AVCS2: Attitude and Heading Reference System (GY-88 10-DOF) module

The GY-88 packages 3 popular sensors (technically more than 3, but I will cover that later) in a single convenient PCB. Each sensor measures a specific type of spacial data. The module contains a 6-axis accelerometer, a magnometer, and a barometer. All the sensors you need to create a Attitude and Heading Reference System (AHRS). In this post I will go over each sensor in more detail. I will also cover how it can be used to inform an Autonomous Vehicle Control System aimed at multi-rotor flight control.
The design for this module is based on the MPU6050, HMC5883L, and BMP085 sensors. This combination of sensors (or minor variations of it) have become the de facto standard for projects requiring spacial awareness such as autonomous vehicles, robotics, and Motion-based Human Interface Devices. I will be going over the first case here, but the information, concepts, and even some of the code, will translate to the others equally well.

The Sensors

While the package is marketed as a combination of the 3 sensors mentioned in the opening, it would be fair to say that it is technically 4-6 sensors.
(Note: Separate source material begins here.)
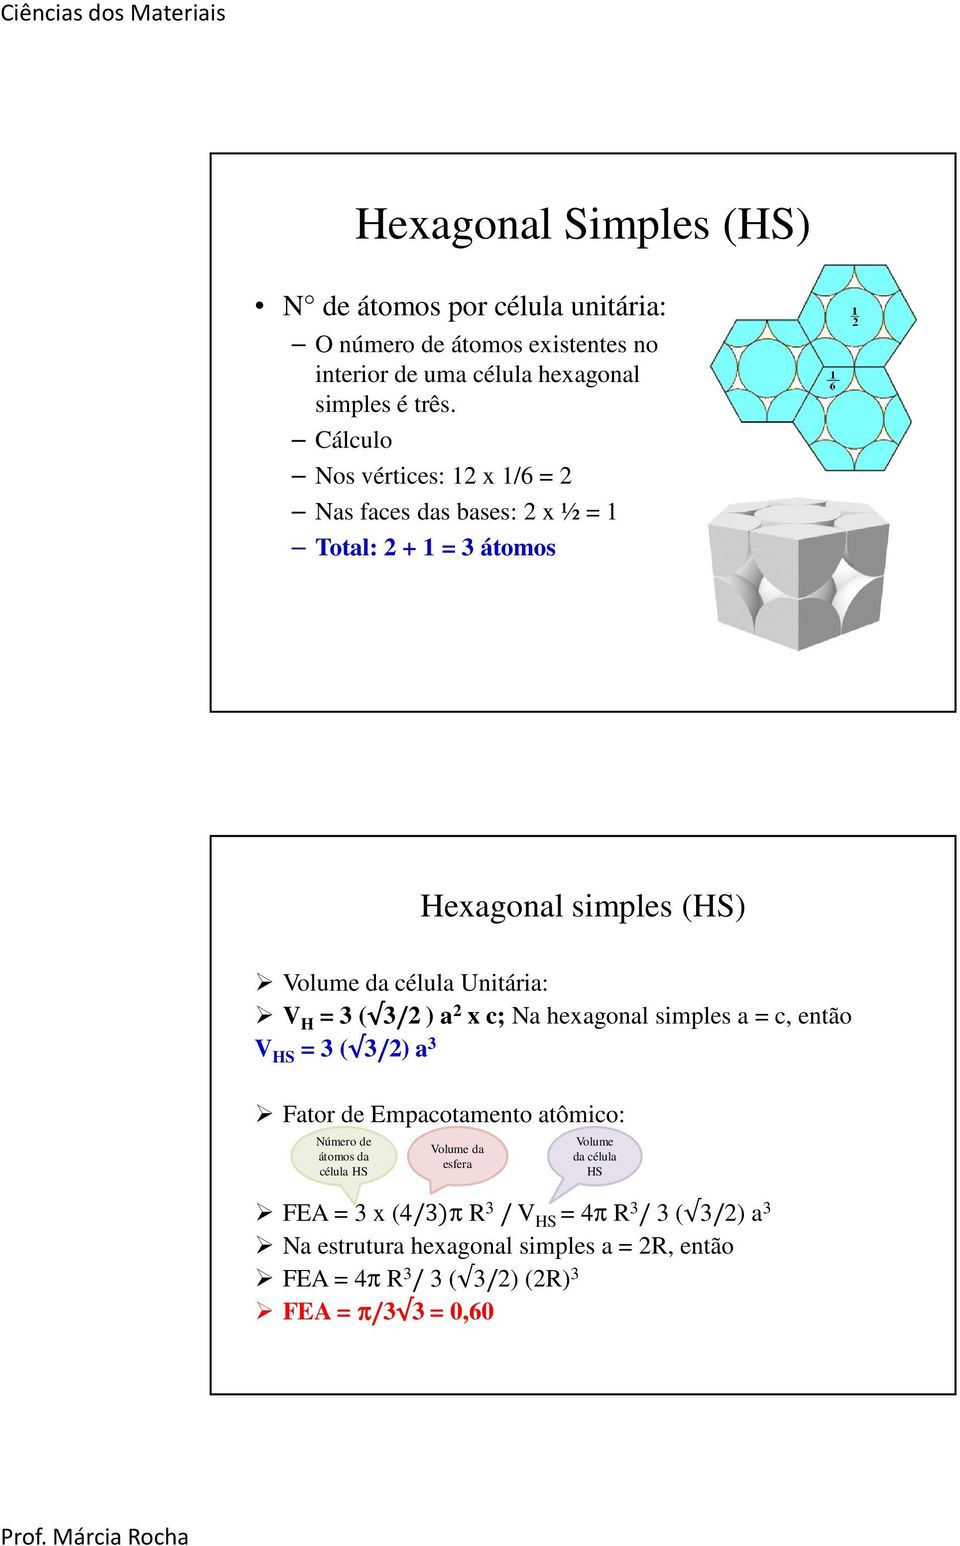 3/2 ) a 2 x c; Na hexagonal simples a = c, então V HS = 3 ( 3/2) a 3 Fator de Empacotamento atômico: Número de átomos da célula HS Volume da esfera

You see, the MPU6050 is a '6-axis accelerometer' which really means a 3-axis accelerometer and a 3-axis gyroscope combined along the same axial orientation (more on this below). Since the accelerometer and the gyroscope measure different type of motion you can consider the gyroscope another sensor. Finally, both the MPU6050 and the BMP085 have a thermometer that is sometimes accessible (depending on the exact GY-* module you get). If you count each as it's own sensor you could say the module has 6 sensors. However, having 2 thermometers in such a small space isn't likely to give you more information so I could also see someone saying it is really only 5. Enough about how many sensors. Let's get down to what each one does in more detail.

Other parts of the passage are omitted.